Physicians at Alberta Children's Hospital, led by medical geneticist Dr. Aneal Khan, successfully completed a series of liver cell transplants earlier this month on patient Nazdana Ali.
Nazdana was born last August with a Urea Cycle Disorder (UCD), a genetic disease that causes ammonia to build up in the body that, if untreated, would lead to brain damage and death. Ammonia is naturally produced as the body uses protein but, for those with UCDs, the process of converting ammonia to urea (a harmless substance which gives urine its yellow colour) does not work properly.
The condition is incurable and very rare: Alberta Children's Hospital treats about two children with a UCD per year. In Canada, about 50 babies are born annually with the condition.
Each time ammonia builds up, there is a risk of neurological damage but transplanted liver cells are expected to help Nazdana's liver to keep the ammonia down to safe levels.

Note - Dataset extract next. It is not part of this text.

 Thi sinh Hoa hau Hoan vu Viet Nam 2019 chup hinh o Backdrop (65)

"We have been monitoring Nazdana closely and are happy to report that she has tolerated the liver cell transplant well, she is stable and can return home to Winnipeg," says Dr. Khan, who is also an assistant professor of medical genetics and pediatrics at the University of Calgary, and a member of the U of C-AHS Alberta Children's Hospital Research Institute for Child and Maternal Health. "This could represent a big leap forward in managing these cases. It's a promising new bridge therapy that could improve the odds of Nazdana surviving until she is able to undergo a liver transplant."

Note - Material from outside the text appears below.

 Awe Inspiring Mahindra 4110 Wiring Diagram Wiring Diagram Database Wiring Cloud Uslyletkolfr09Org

The long-term stabilization of ammonia levels resulting from liver cell infusion buys children time until a matching liver can be found and transplanted.
To date the procedure has been performed in Germany, including an operation on a Canadian baby, and in a handful of centres in the U.S.
Without conventional treatment, most newborns with a UCD die within the first two weeks of life. Special medications and a protein-restricted diet improve survival rates but the brain remains exposed to high ammonia levels and even children who survive have a high risk of brain damage. The only long-term treatment is a liver transplant but a transplant in a small child has less chance of success and there is limited availability of organs.